_Dataset content_
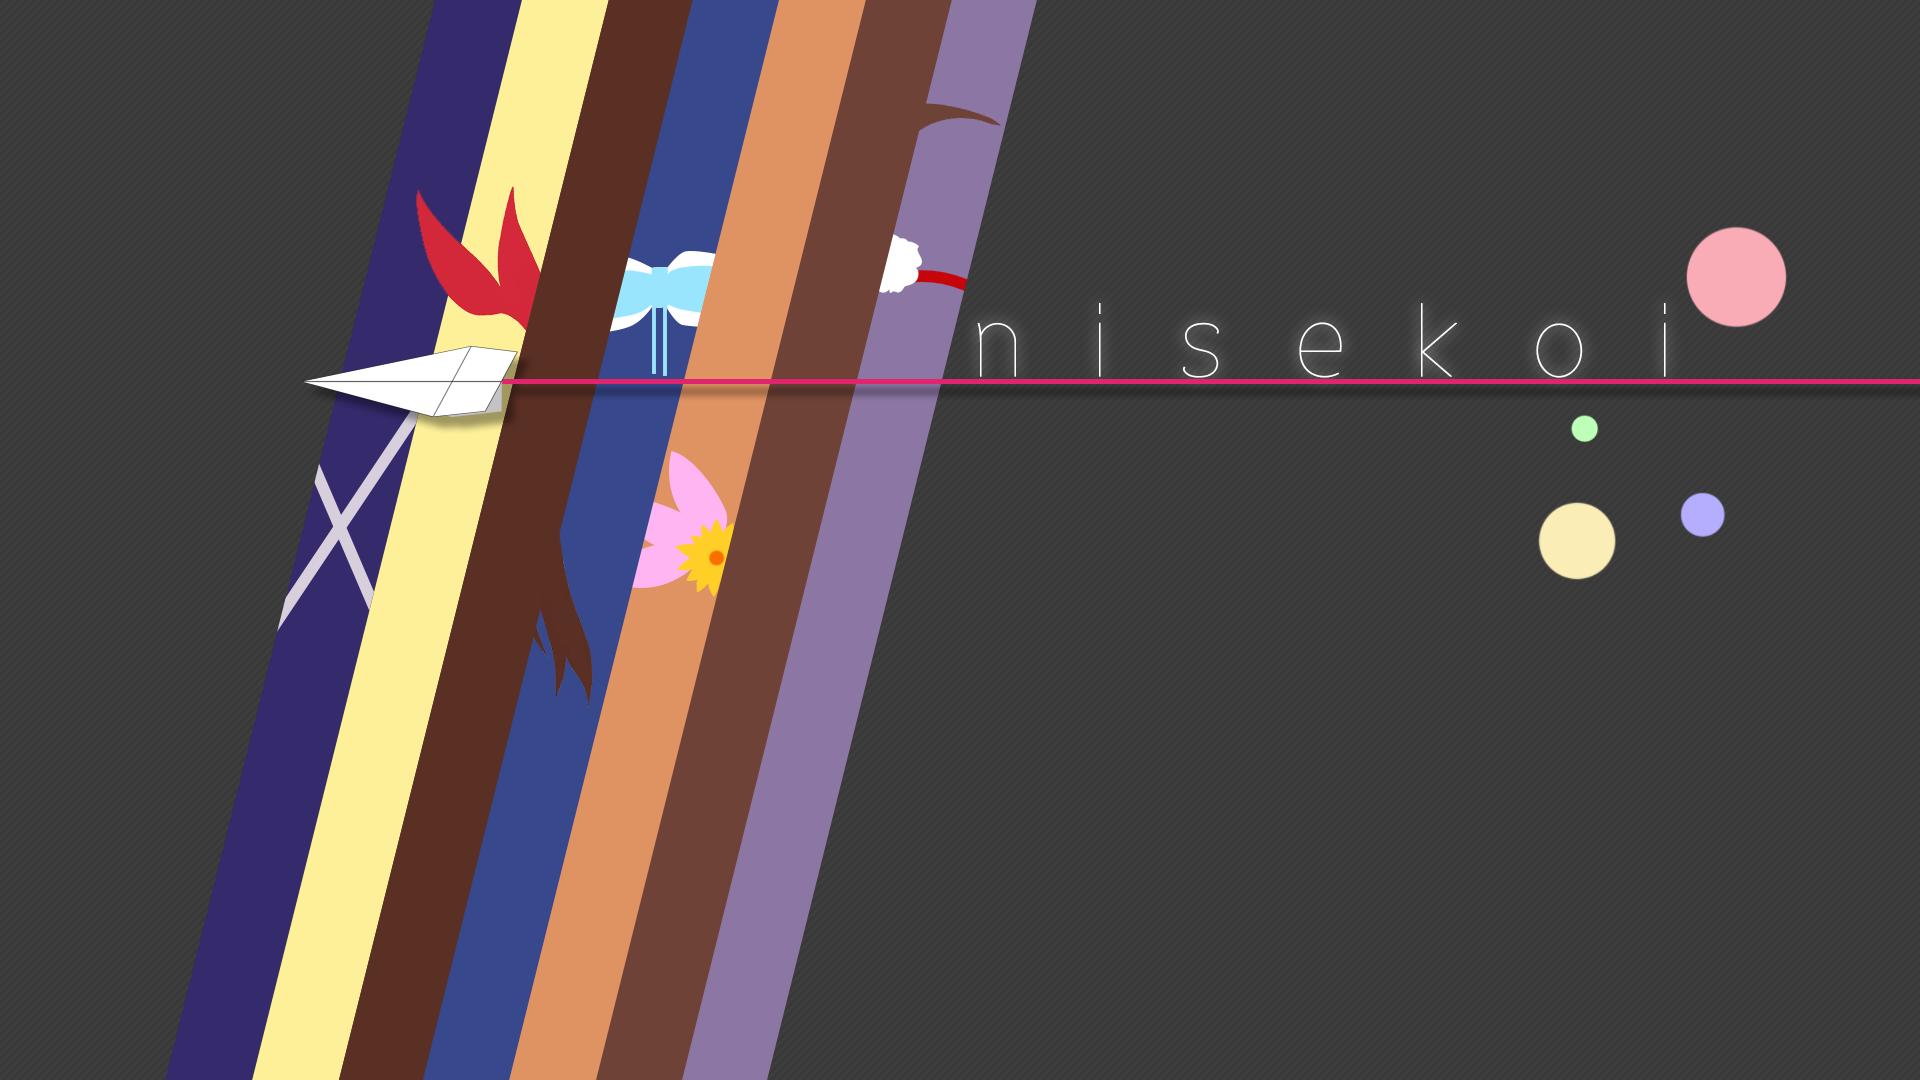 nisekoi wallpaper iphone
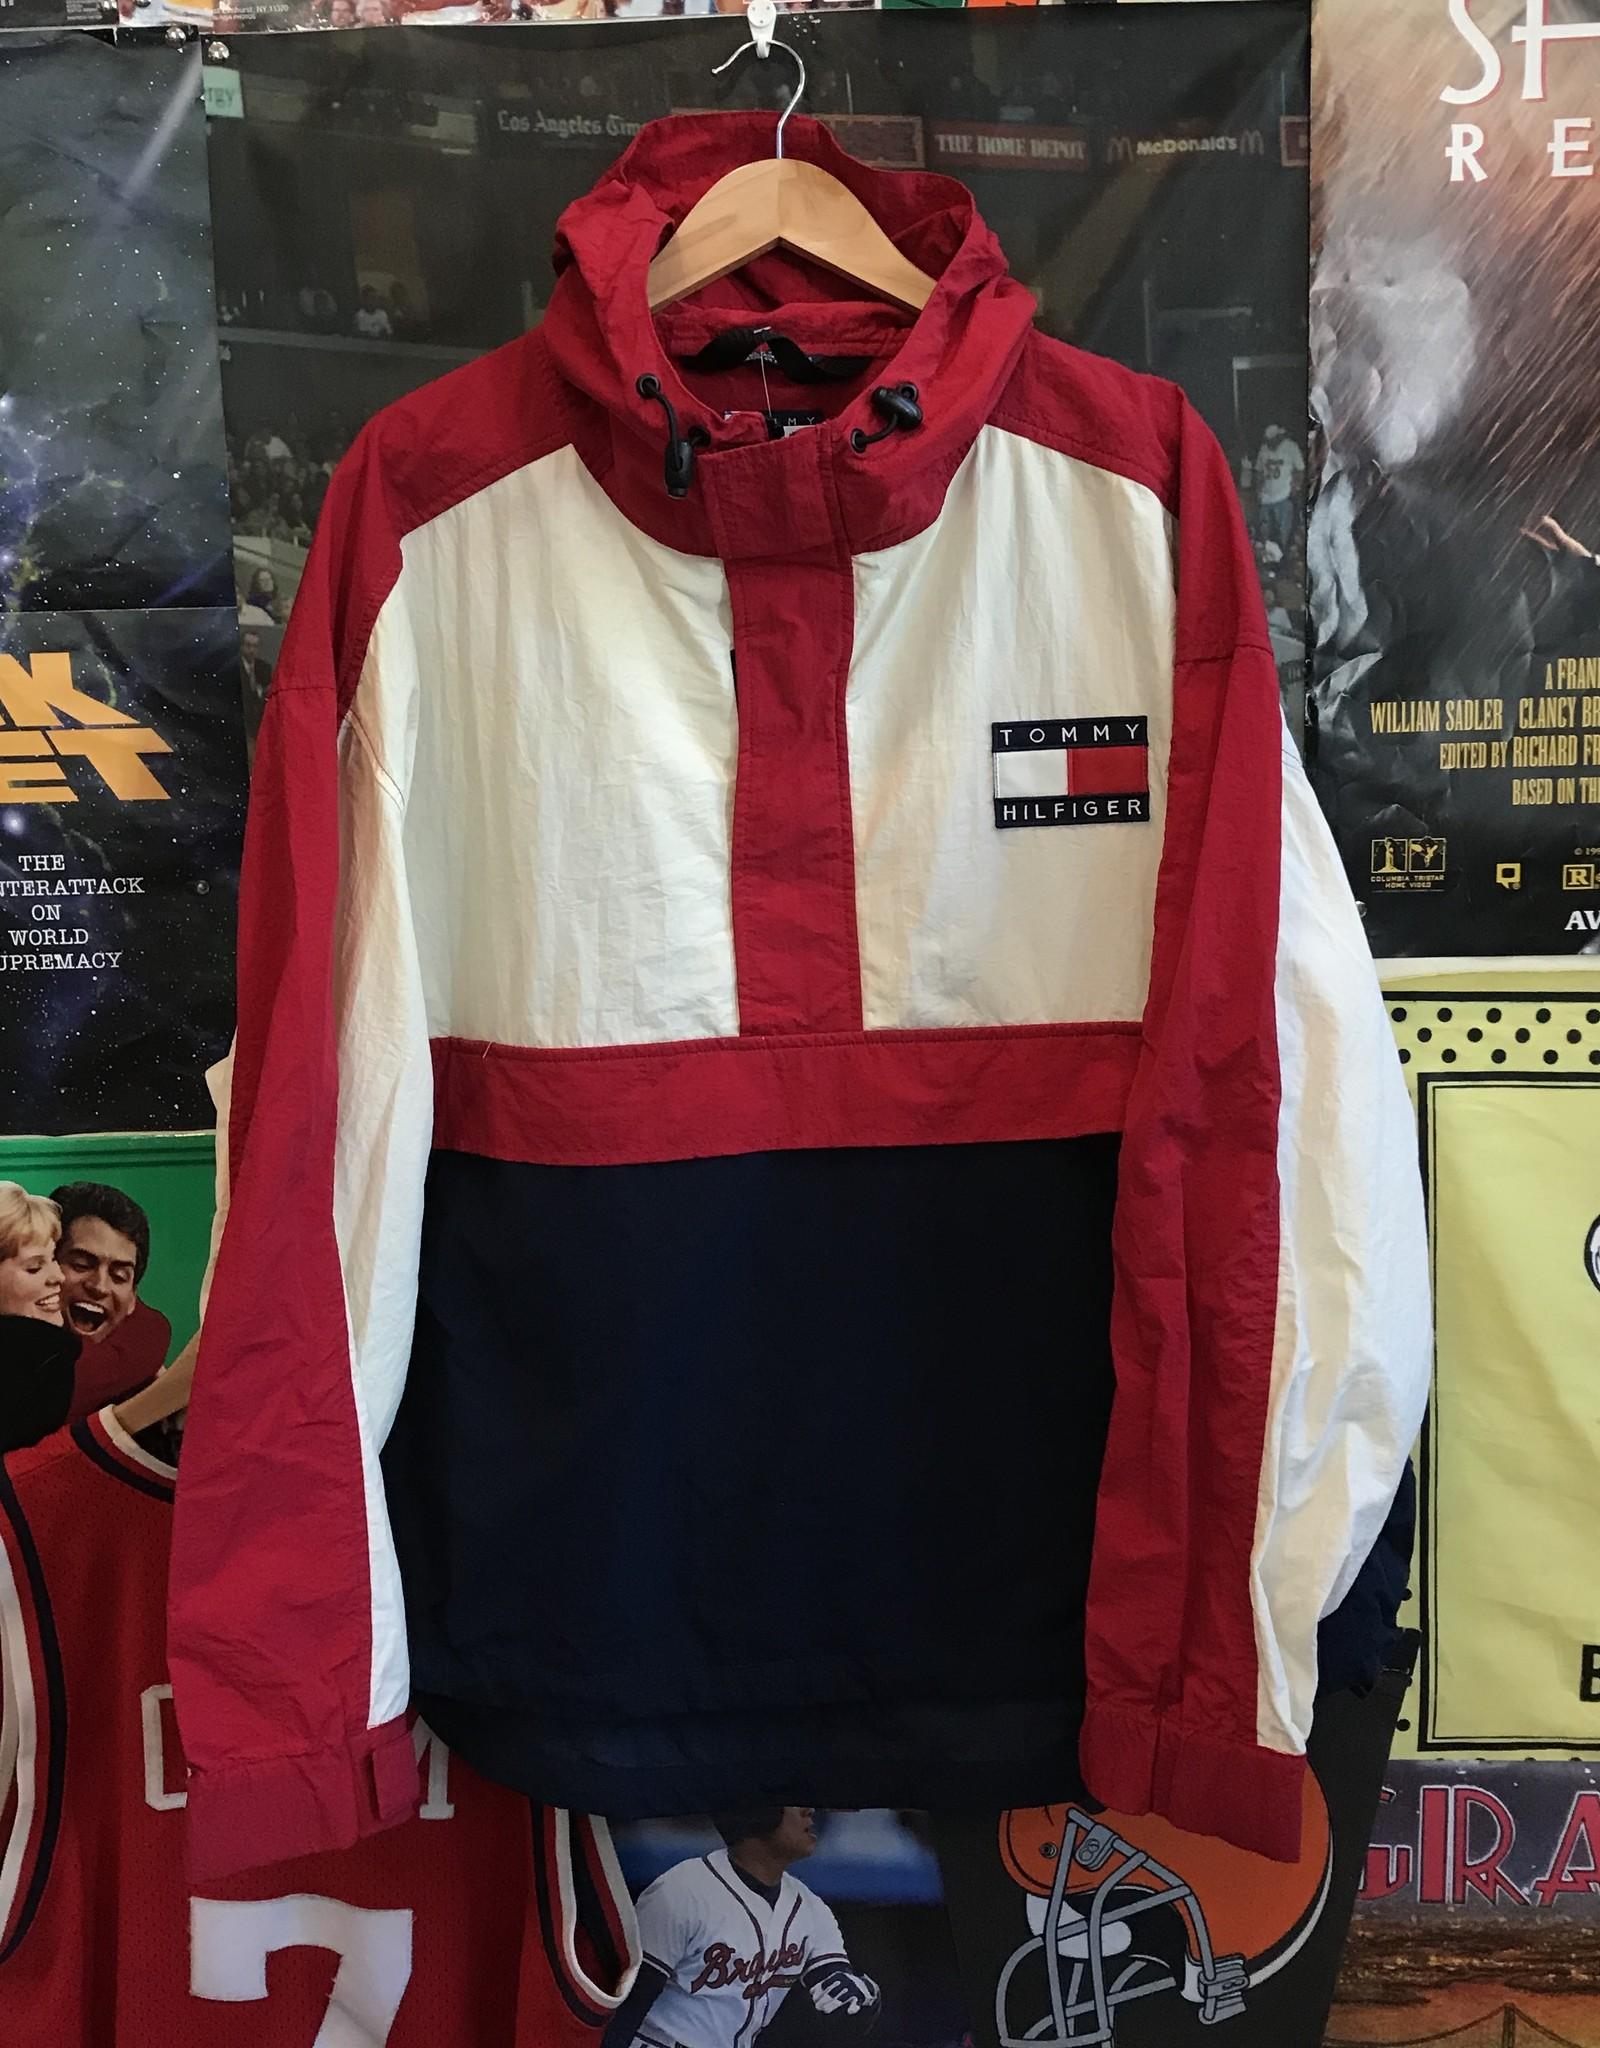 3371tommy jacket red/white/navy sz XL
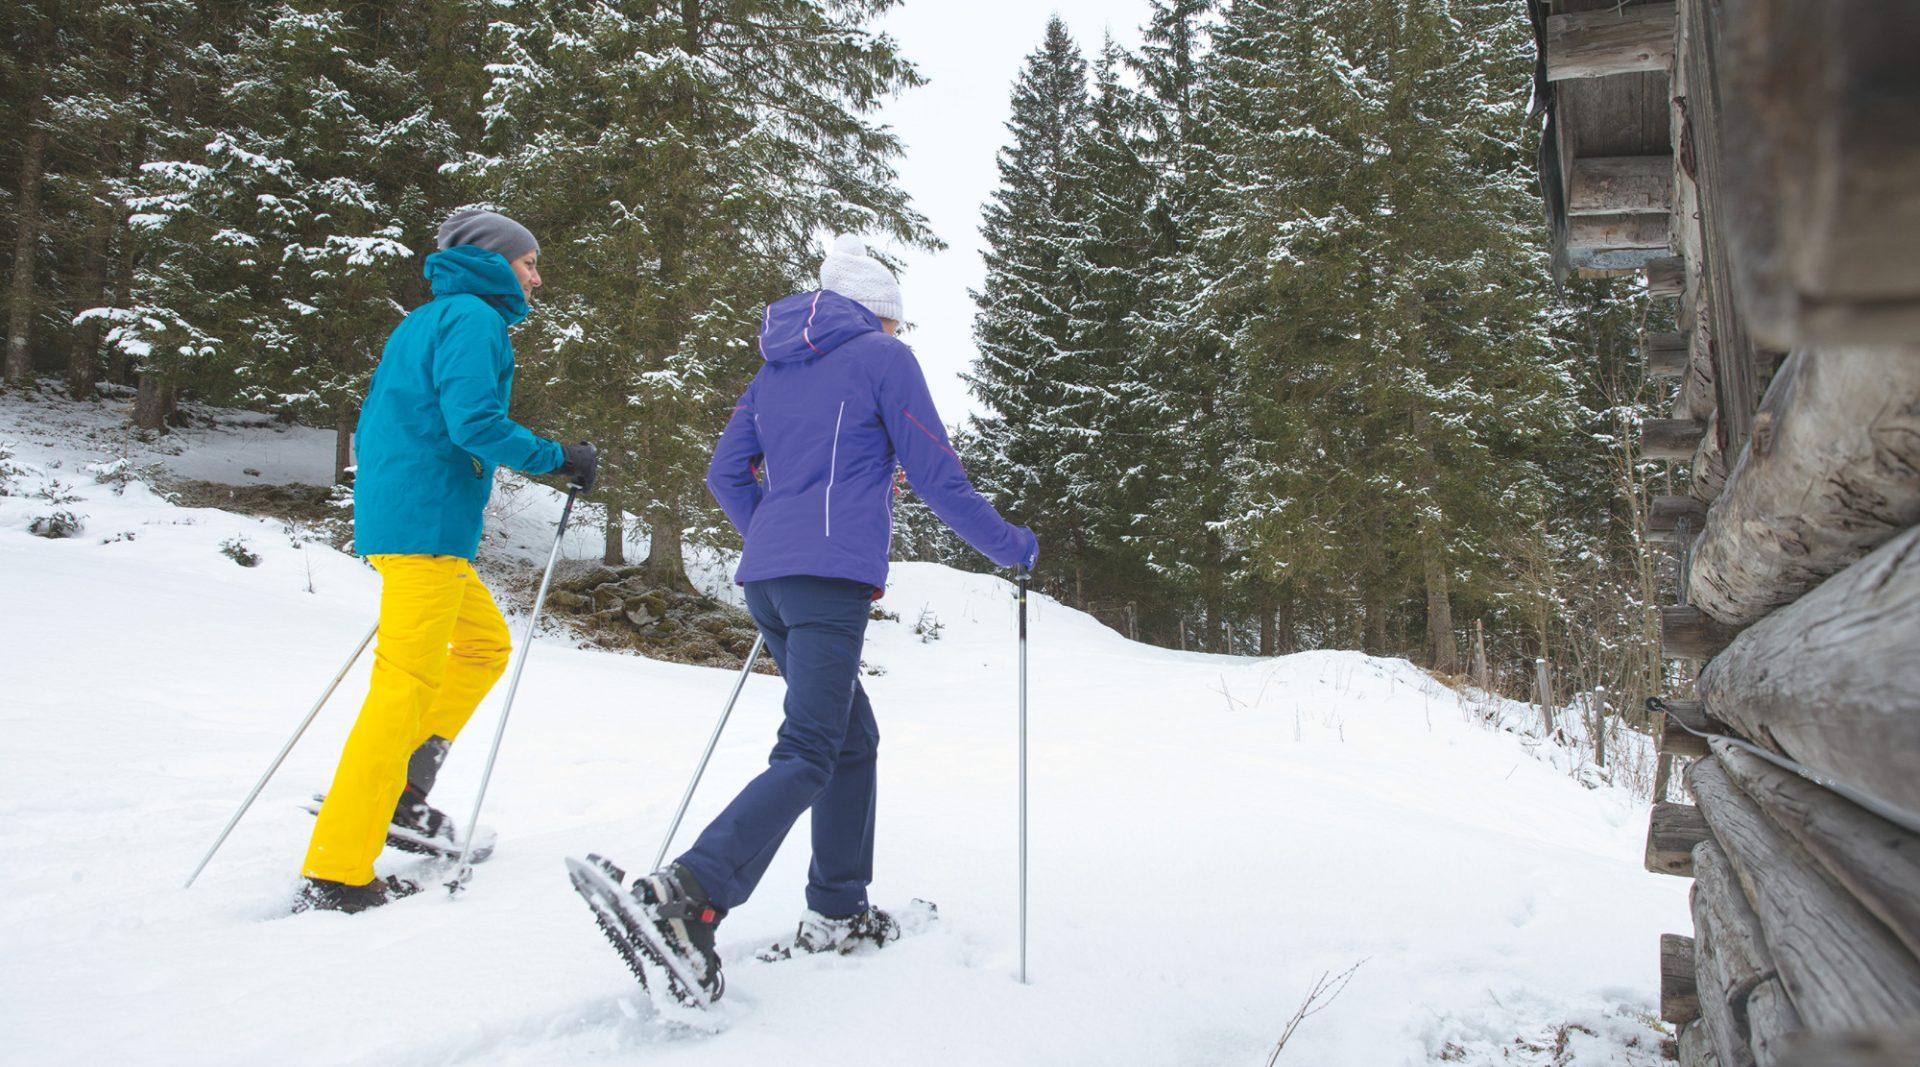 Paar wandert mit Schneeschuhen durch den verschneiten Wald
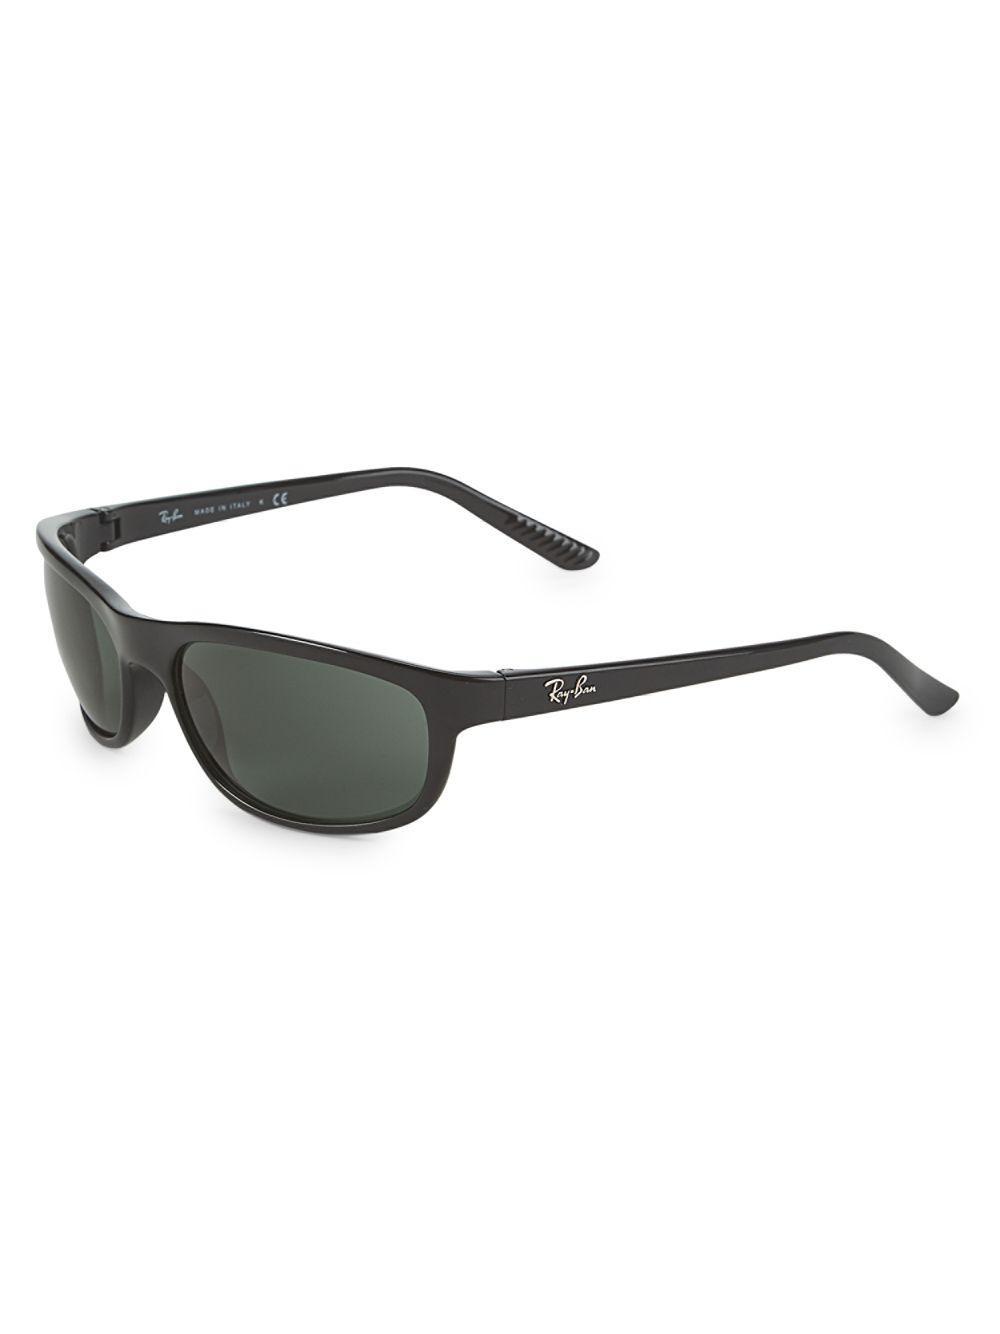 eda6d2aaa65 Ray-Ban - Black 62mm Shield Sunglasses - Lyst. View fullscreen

_Your instructions_
Could you transcribe exactly the lines from the one with "Paar wandert mit" through the end of the data, both ends included, and nothing else, skipping the pictures?

_Answer box_
 Paar wandert mit Schneeschuhen durch den verschneiten Wald
 eda6d2aaa65 Ray-Ban - Black 62mm Shield Sunglasses - Lyst. View fullscreen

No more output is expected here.